Ben Thompson: Well, I have one particular one. I have a Tesla. I’m not a car person but it is just the ultimate gadget. My commute to and from work is some of the best time in my day because I get to spend one on one time with my favourite gadget.
Heather Smith: Fantastic. Excellent. Thank you for that. What does the next five years look like for you, Ben?
Ben Thompson: Really exciting. We are expanding Employment Hero internationally. We’re just about to launch our international product. We are deepening our relationship with our distribution partners. SEEK is one of them. There’s a few others that are coming. We are yet to … We will crack the benefits programme or what we call work life for the employee side of the market and get to the point where I believe employees will ask their employers to use Employment Hero because they just are so in love with the benefits that they get from Employment Hero and the way that employment is a better experience for them. I’d love to tick over a million people, a million active users on our platform. We can see that happening well within the next five years. We’re on a growth path to a million users. Yeah, lots of good things.

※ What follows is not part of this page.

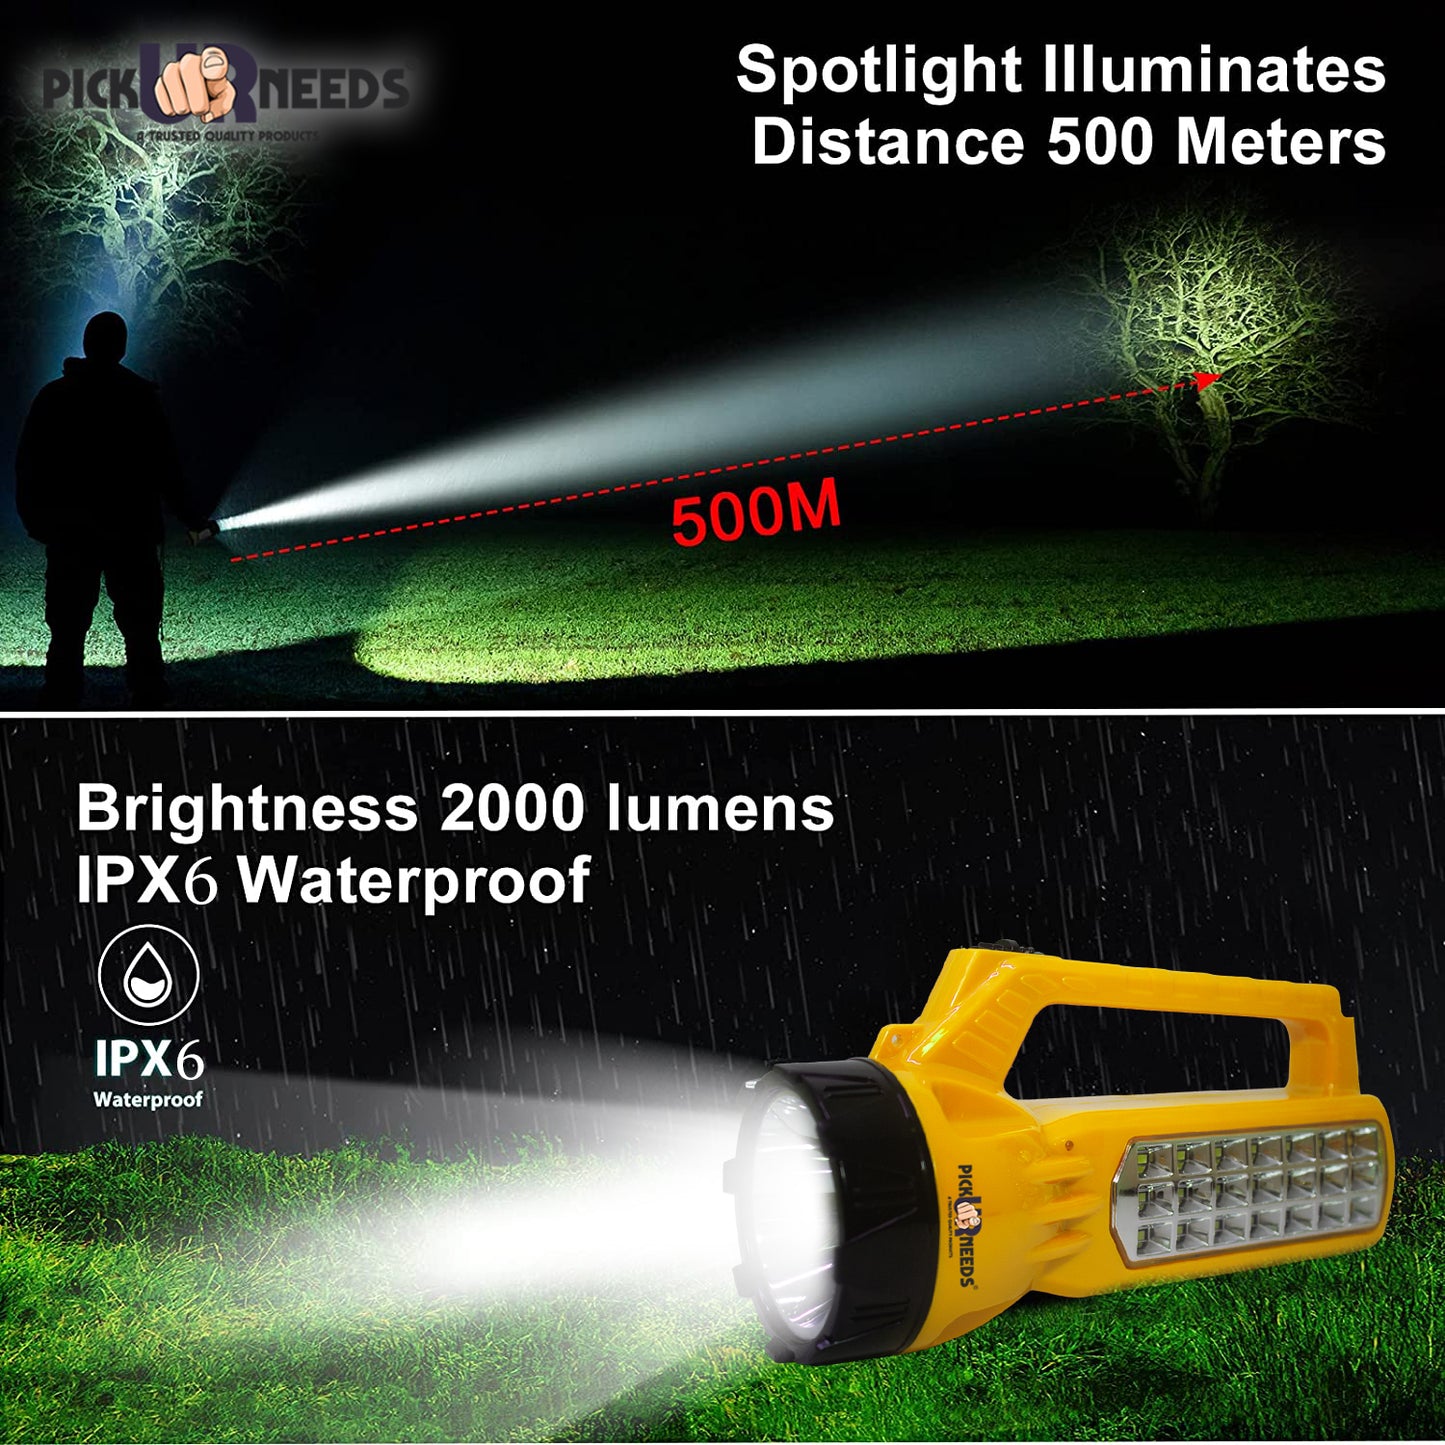 Pick Ur Needs Long Range Search Light 30w Laser +21SMD Side Long Range Emergency Rechargeable Waterproof Bright Led Torch Light

Heather Smith: Excellent. Sounding very exciting for you. What are some of your favourite business books our listeners should check out?
Ben Thompson: I think The Hard Thing About Hard Things is nice by Ben Horowitz. We’ve all been through really tough times in business and often frequently, it’s never easy. It was nice to pick up that book. I listen to books so I didn’t really pick it up. I went for a ride, just a mountain bike ride a couple of years ago and put it on and came back to the house about an hour later and said to my wife, “I’ve just had the best hour. I just heard about somebody who is going through so much … who’s been through so much worse than me, and I feel better about myself because if they can get through that, then I can get through the things that I’m dealing with day to day.”

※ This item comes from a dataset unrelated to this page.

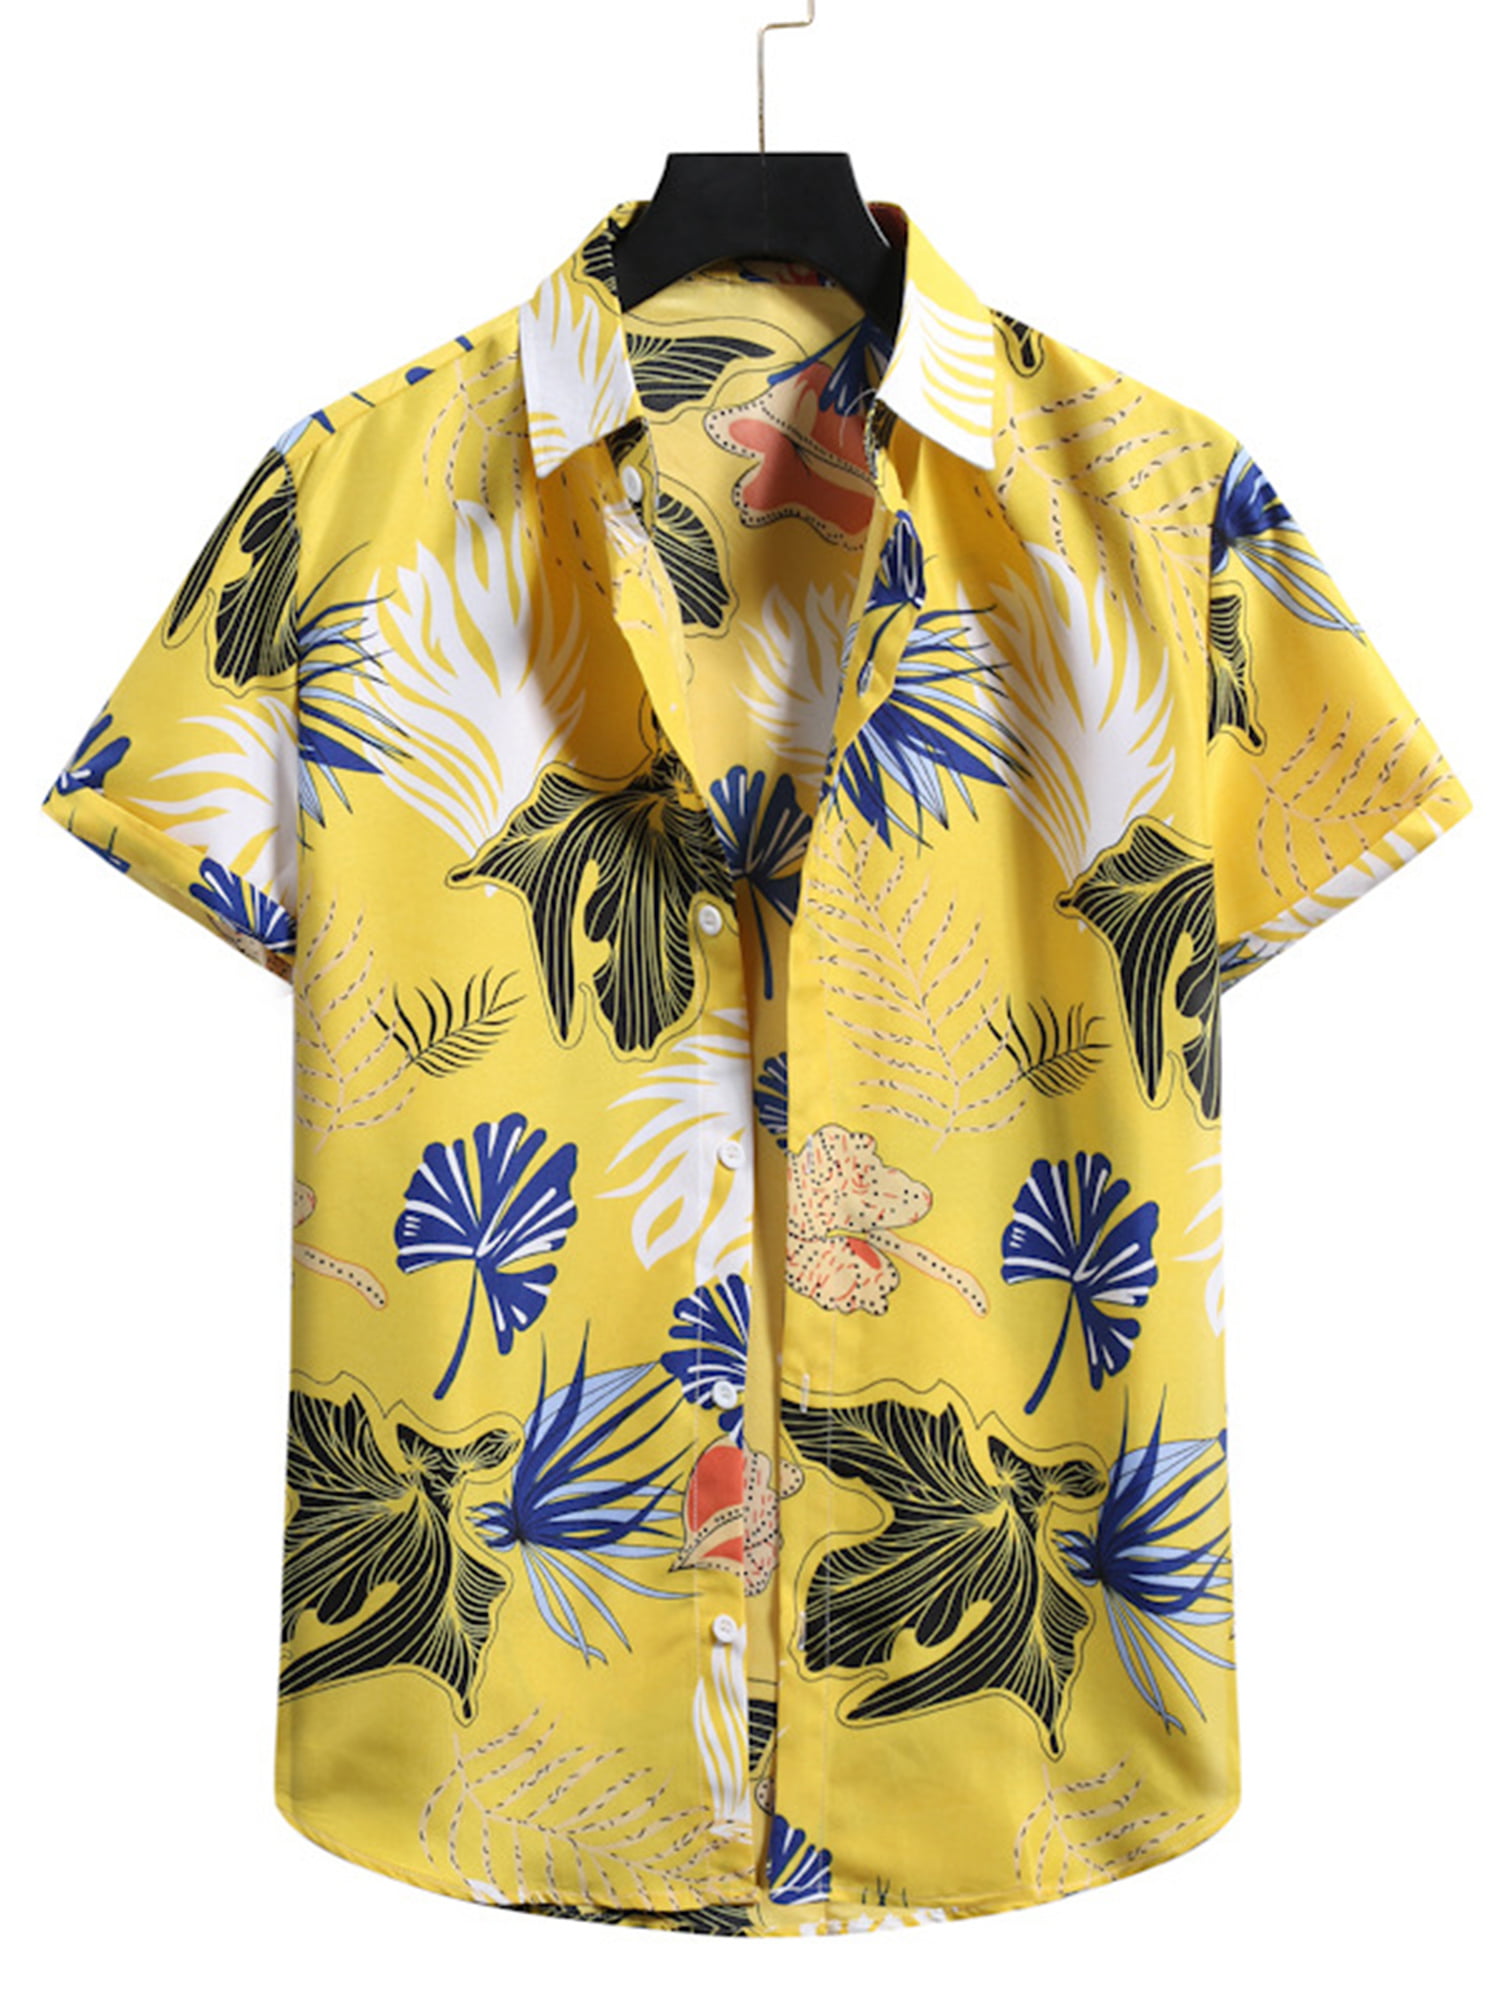 Mens Short Sleeve Blouse Hawaiian Shirts Summer Beach Casual T Shirt Top Tee HOT

Ben Thompson: Jim Collins’ books, he’s got so many great books, Good to Great. They’re all very similar themes, but he constantly improves on those themes, and there’s a lot to take away from him, particularly his most recent one. I can’t remember the title, but if you look up Jim Collins, you’ll find it. He talks about Sorenson’s expedition to the South Pole and the concept of a 20-mile march that Sorenson got there because he had one rule, which was you wake up in the morning, you walk 20 miles, put up your tent, and then we rest. Some days it took them 12 hours to get there. Others, it took them three hours to get there, but that was the rule. We have our own 20-mile march, which is probably confidential, but every month we have to achieve a certain objective, and that’s our thing. That’s worked really well in the business.
Ben Thompson: Scaling Up, probably not as well known, by Verne Harnish, but I’m a huge advocate of Verne Harnish. I’ve been attending his events for close to 15 years. We have implemented his Rockefeller habits and his quarterly themes. Every 90 days … You probably don’t want a little synopsis on every book, but every 90 days, we ask across all of the businesses, we ask the same question, which is what is the one thing, the most important thing that we can achieve in the next 90 days to take us as far as possible from where we are today to where we would like to be in a year from now. We obsess on that one thing.
Ben Thompson: Once we decide what it is, we create a theme and we obsess on that one thing. We could create a metric to track it. That’s our obsession for 90 days. If we get there, then we celebrate hard. We’ve done that consistently for over 15 years, which is 64 … I think this is our 65th quarter without ever failing to do that process.
Heather Smith: Wow. That is a lot of commitment there.
Ben Thompson: Yeah. Keep it simple and just repeat it.
Heather Smith: Yeah, absolutely. That’s very impressive. I’m sure a lot of people will get a lot out of those books and from listening to you and hearing you today, Ben, so thank you very much for being on the show. How can people get in contact with you?
Ben Thompson: They can find me on Twitter, @bnthompson. They can also learn more just via employmenthero.com.
Heather Smith: Thank you so much for your time today, Ben. Really appreciate it.
Ben Thompson: Heather, thank you very much for your time. It’s been a pleasure.